Portuguese came to both Tobago and Trinidad as early as the 17th century: some landed in Trinidad in the 1630s. The groups that arrived in Tobago in the 1660s included Portuguese Jews. In fact, some of the Portuguese surnames found in Trinidad and Tobago are generally associated with the marrano community.
The emigration continued in the 19th century; in fact, some Portuguese landed in Trinidad in 1811 while others (mainly Azoreans and later Madeirans) arrived in 1834. They were the first Portuguese-Caribbean labourers.[3]
The historical background to the second wave, which began in 1846, was an earlier influx of Azorean and Madeiran workers in 1834[4][5] following the British abolition of slavery the previous year, along with Scottish Presbyterian evangelism in Madeira in the early 1840s. Seeking to resolve labour shortages in Trinidad, the British government signed a treaty with Portugal covering contract labour migration from Madeira to Trinidad, following which a group of 219 Madeiran contract workers arrived in May 1846, and then 773 more in the remainder of the year. Further migration, beginning in the 1870s, was spurred by a phylloxera infestation in Madeira.

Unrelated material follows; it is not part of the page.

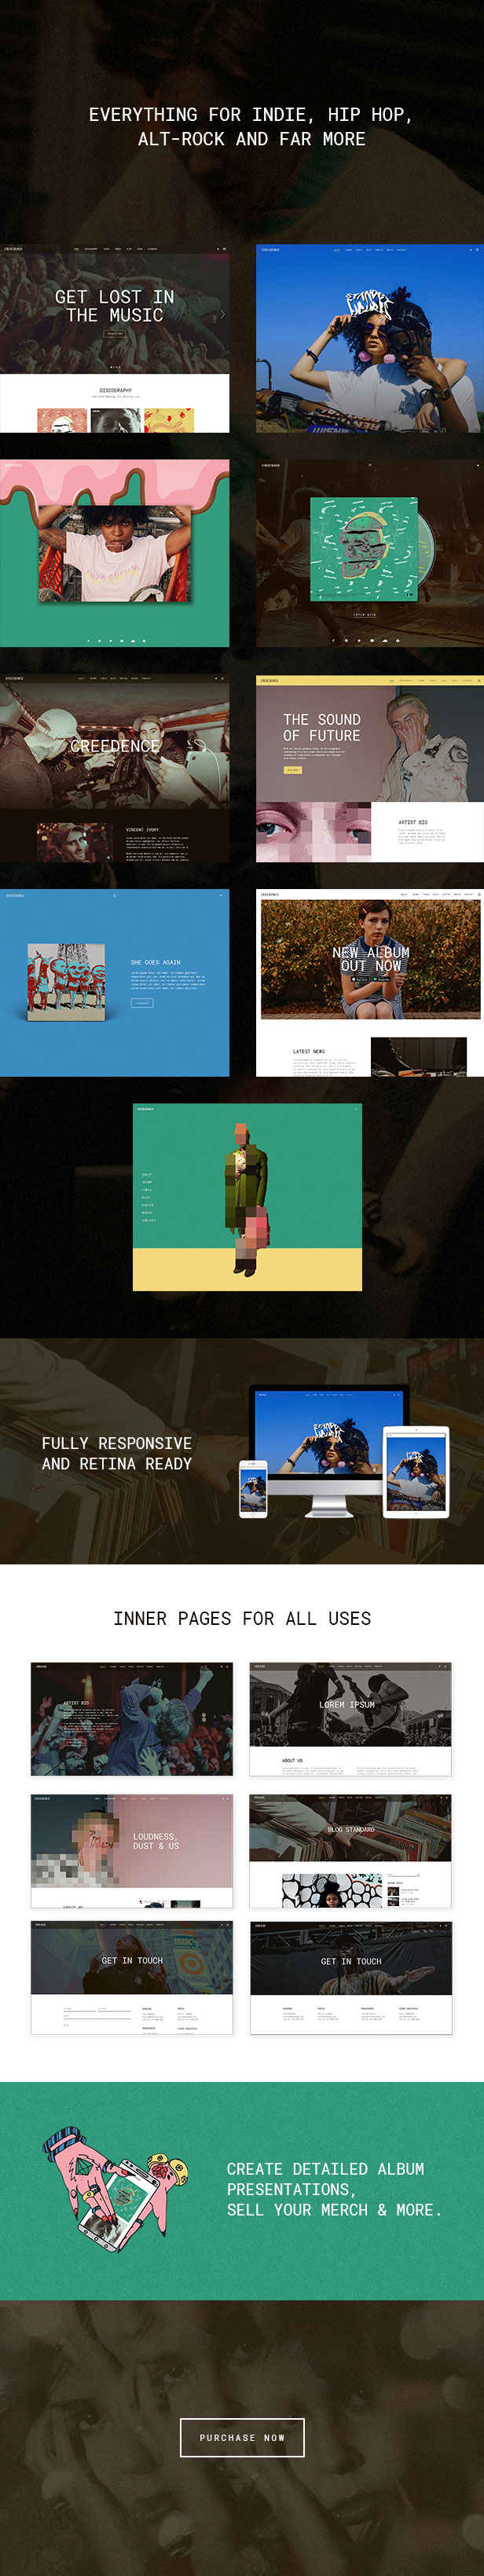 WordPress theme Creedence - An Alternative Music Theme for Bands and Labels (Music and Bands)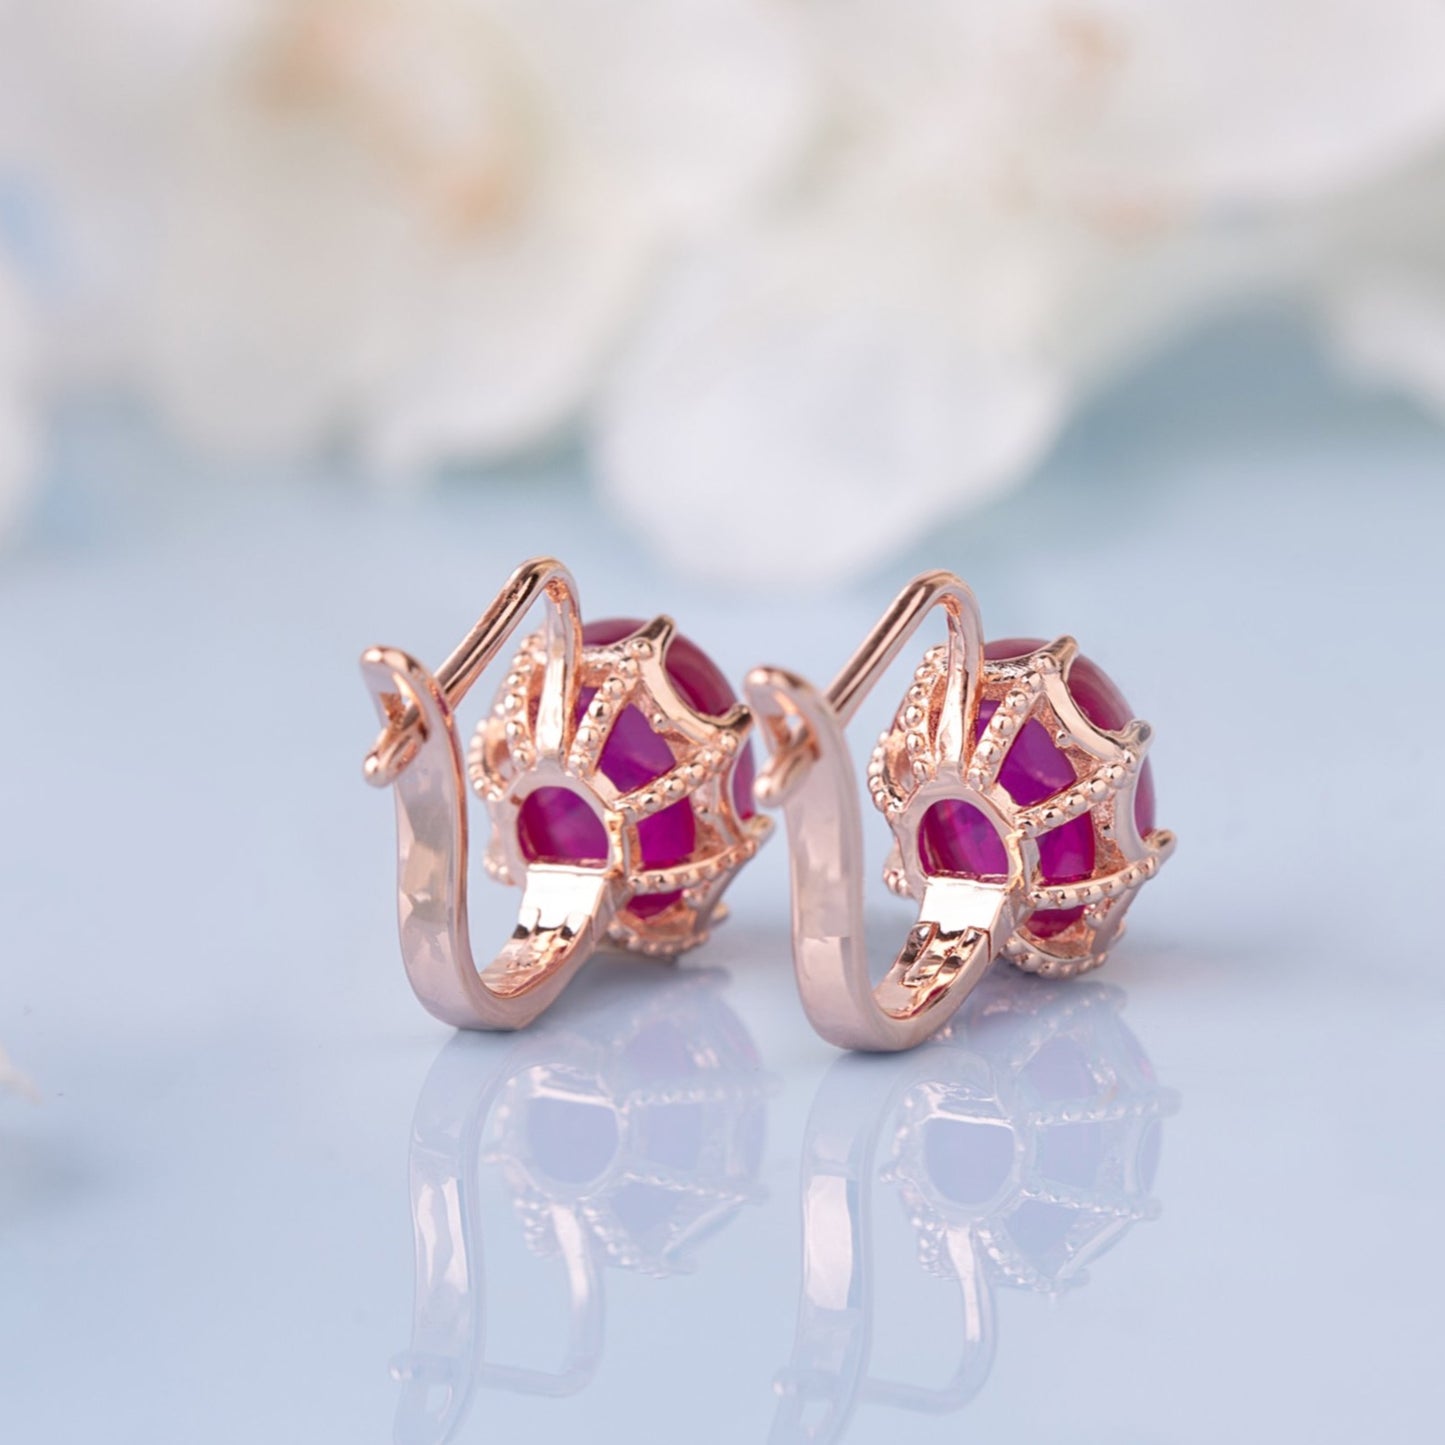 Two Red Ruby vintage earrings from the behind

As a result, the Madeiran community of Trinidad grew to roughly two thousand by the end of the nineteenth century. The migrants comprised both Catholics and Protestants, though many of the Protestants later moved to the United States or Brazil. In 1916, Henry de Nobriga was elected Mayor of Arima, the first public officer of Portuguese descent.[6] In the 1930s and again after World War II, there were two further influxes of Portuguese migrants.[7] Migrants and their descendants formed two major ethnic associations, the Portuguese Association (Associação Portuguesa Primeiro de Dezembro) and the Portuguese Club.[8]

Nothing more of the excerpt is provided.